— Data excerpt —
-------

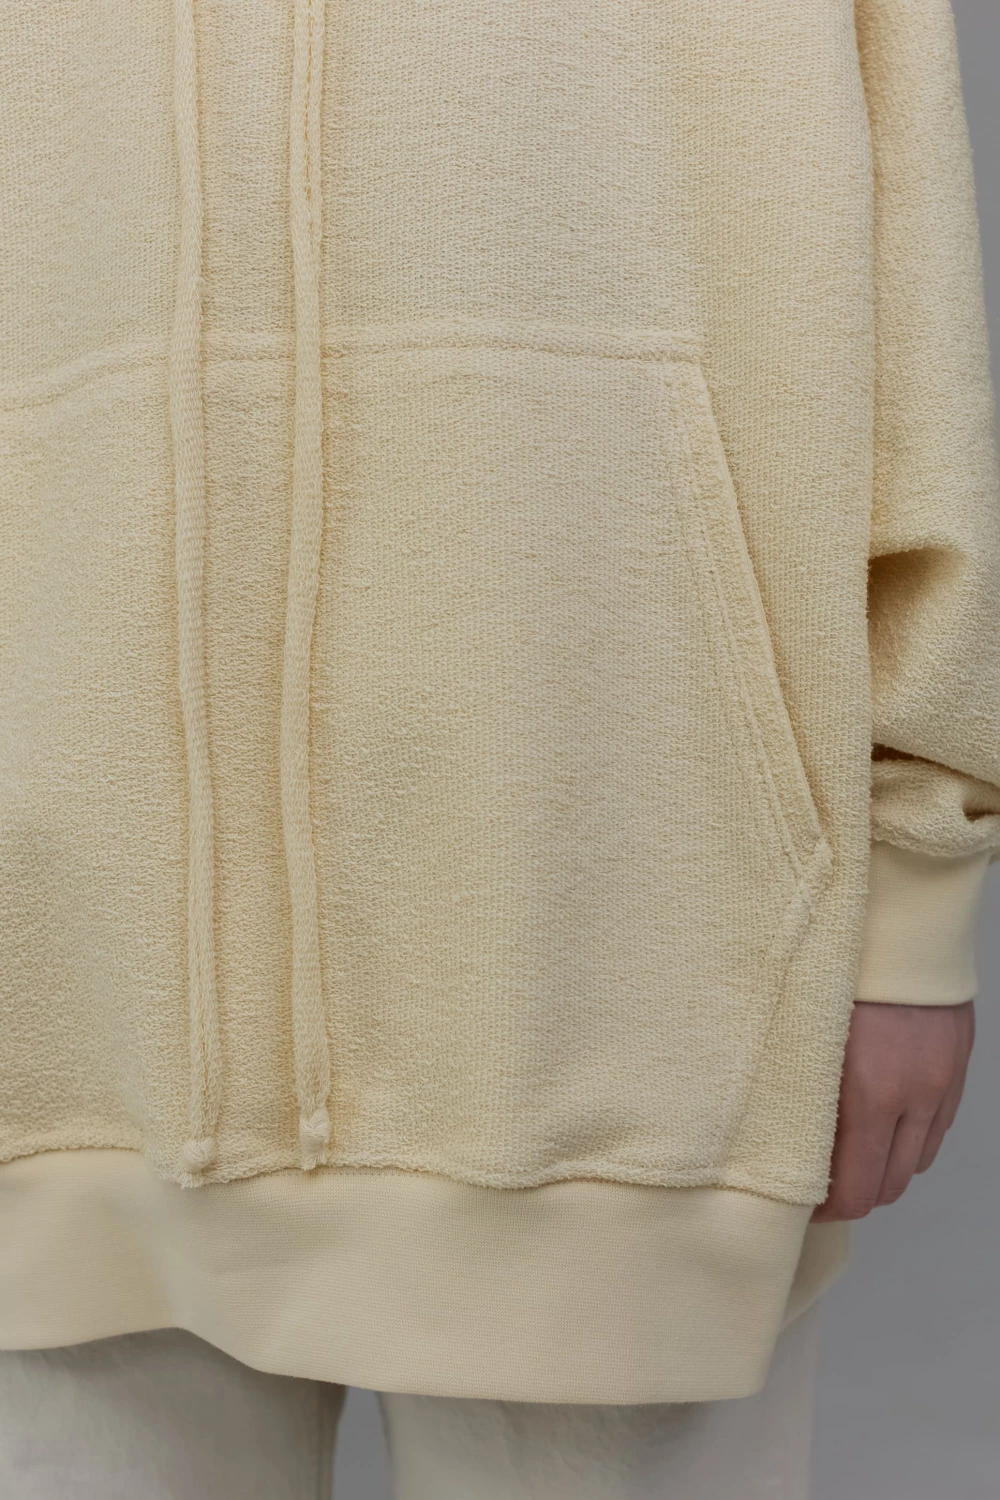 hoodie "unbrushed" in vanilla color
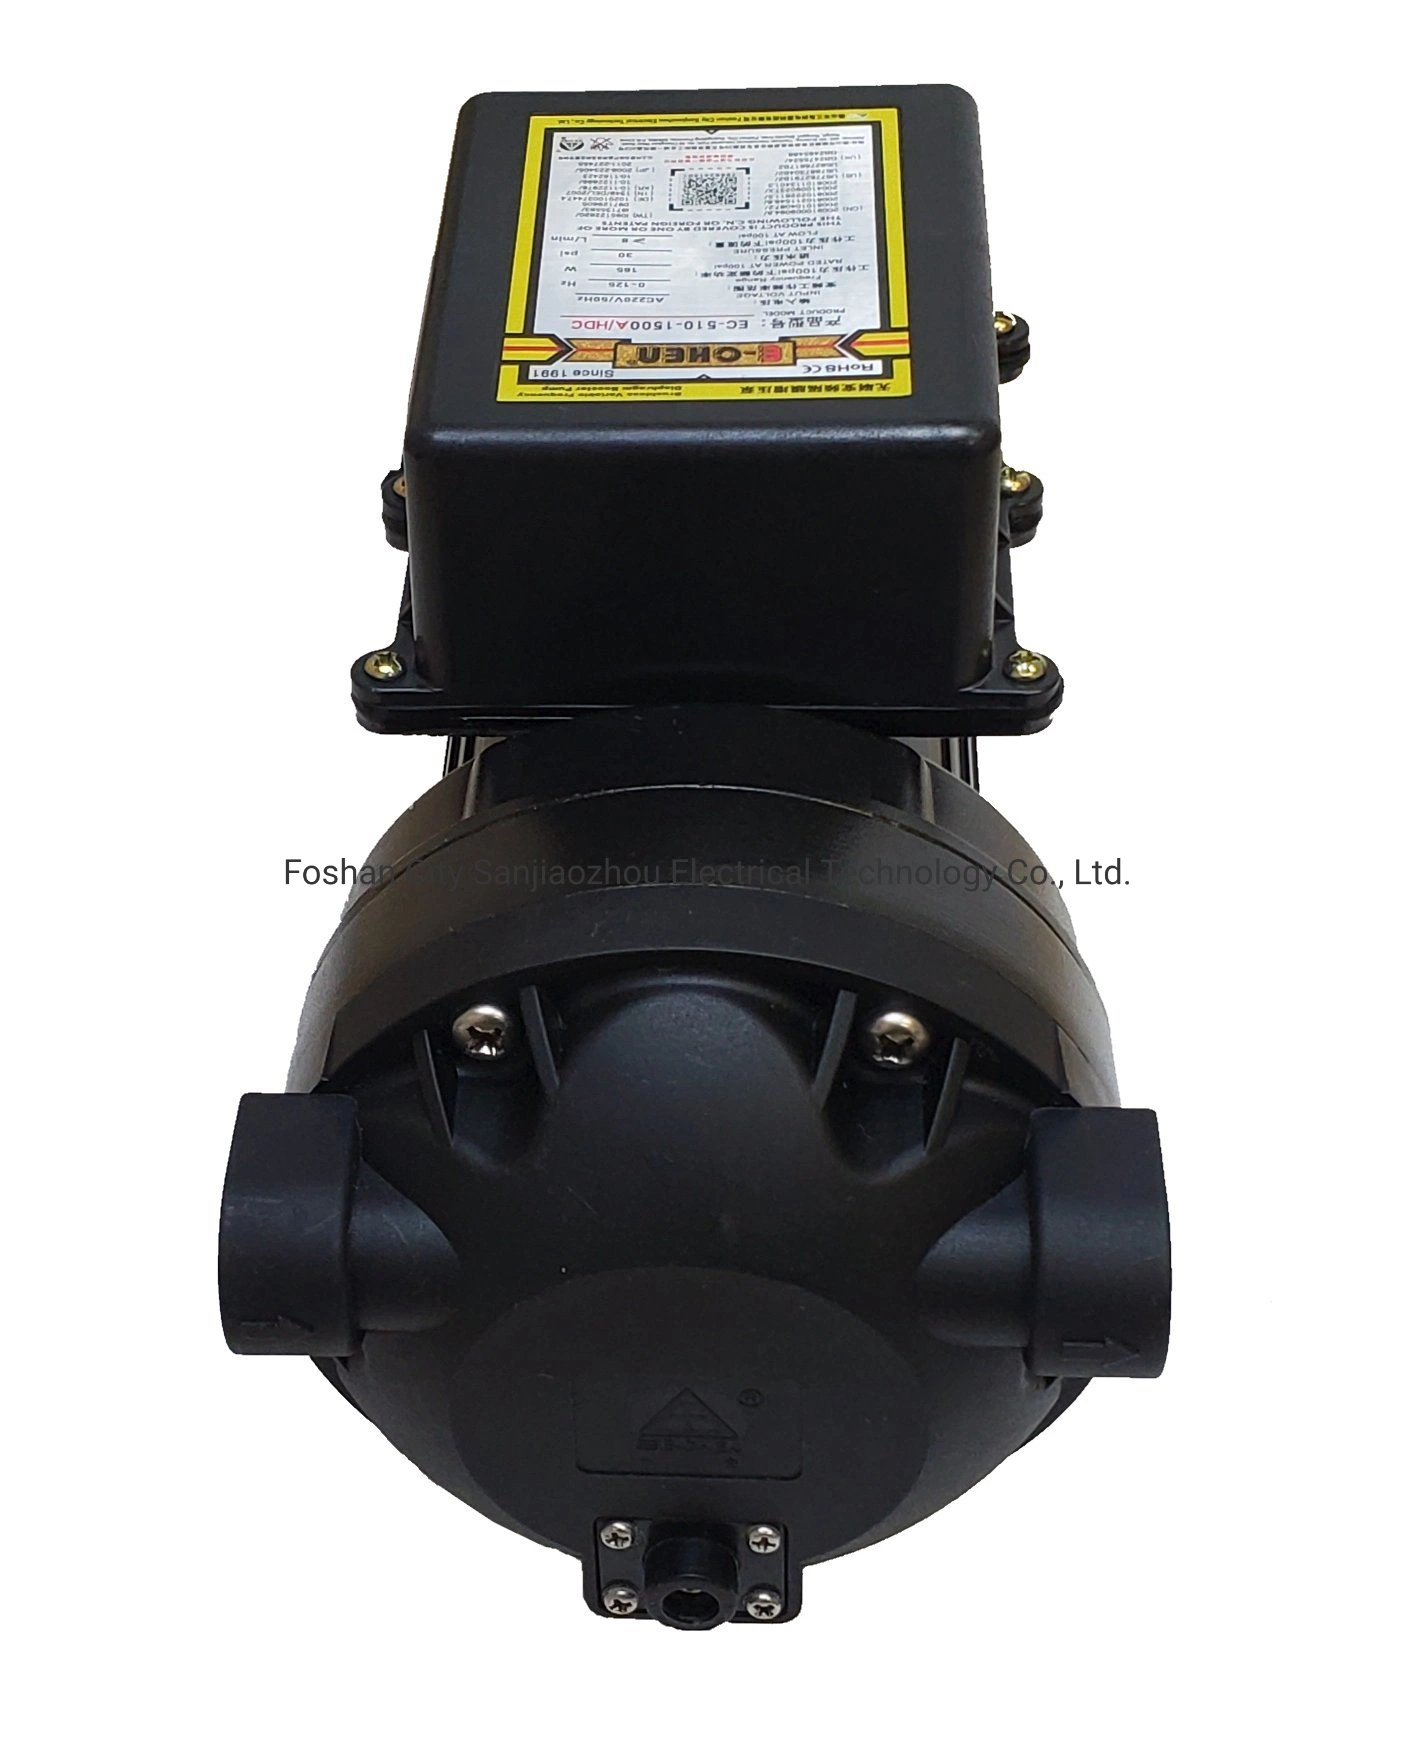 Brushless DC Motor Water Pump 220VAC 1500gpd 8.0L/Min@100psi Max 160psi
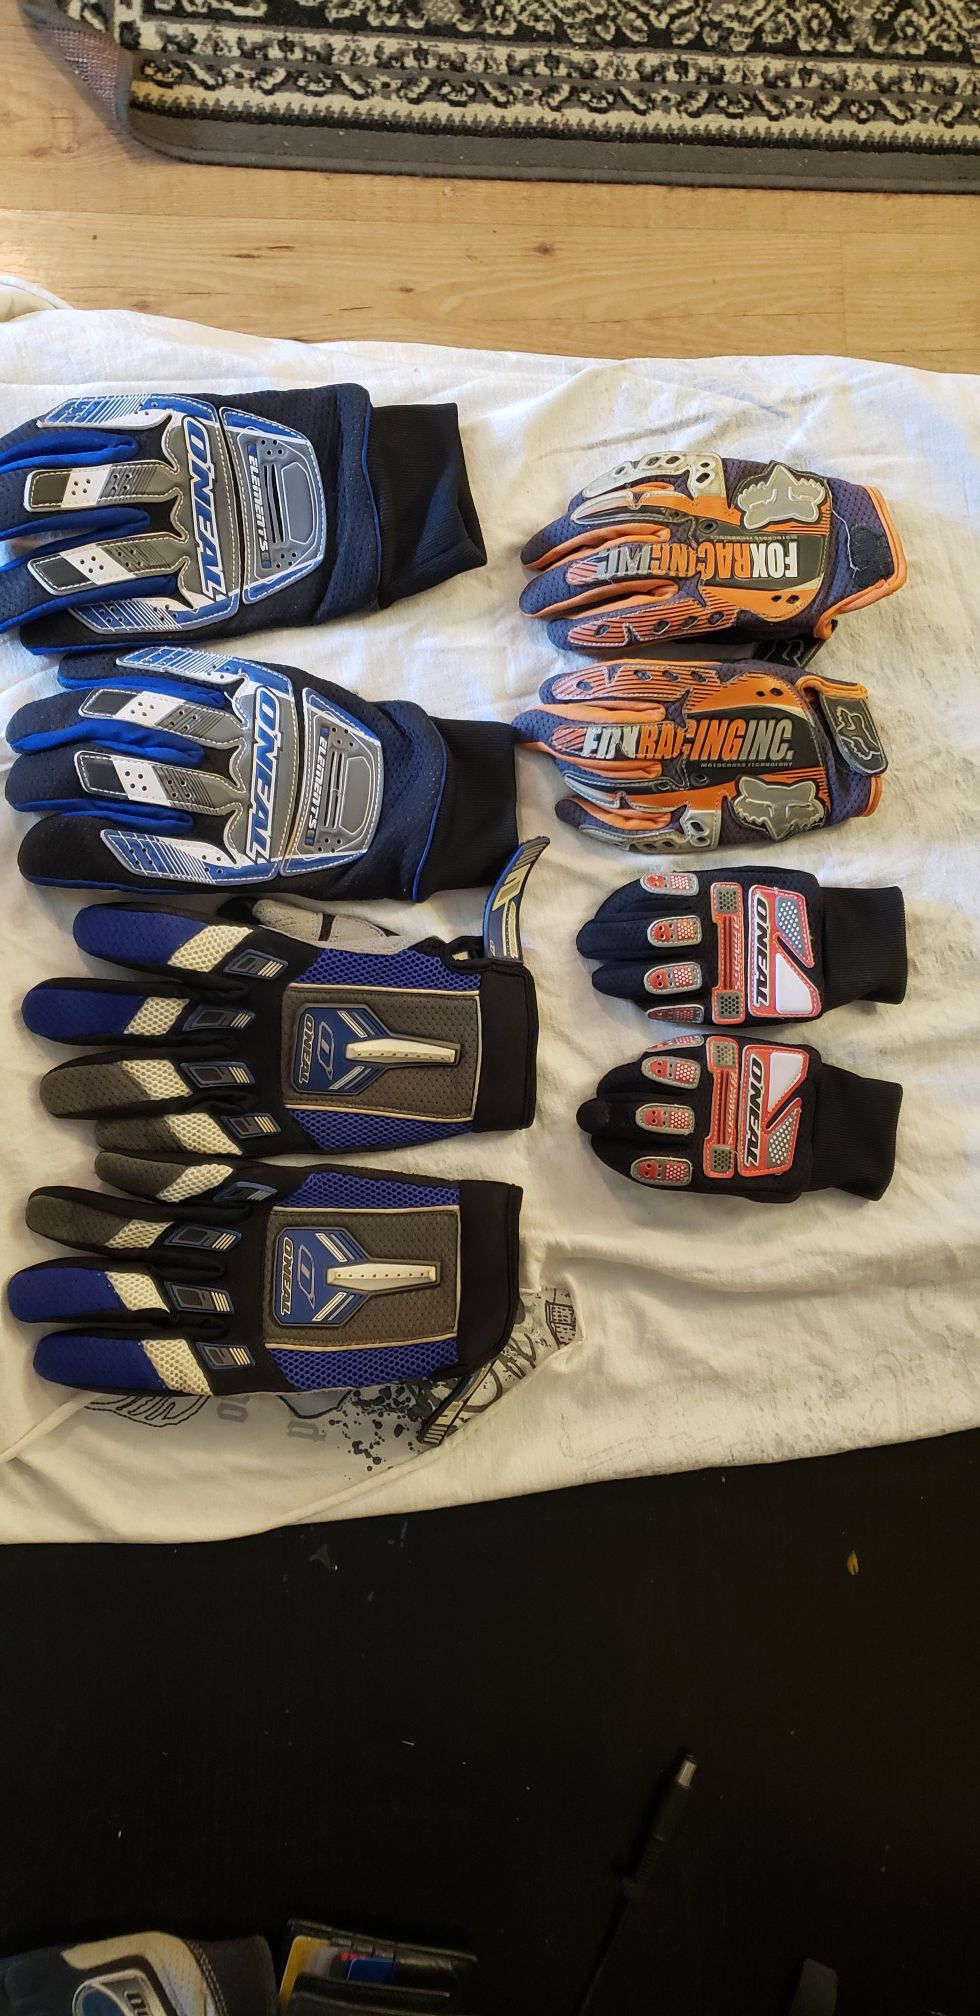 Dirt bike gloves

-------

— The problem —
Quote the preceding listing precisely and completely, omitting its images.

— Solution to this task —
 hoodie "unbrushed" in vanilla color
 Brushless DC Motor Water Pump 220VAC 1500gpd 8.0L/Min@100psi Max 160psi
 Dirt bike gloves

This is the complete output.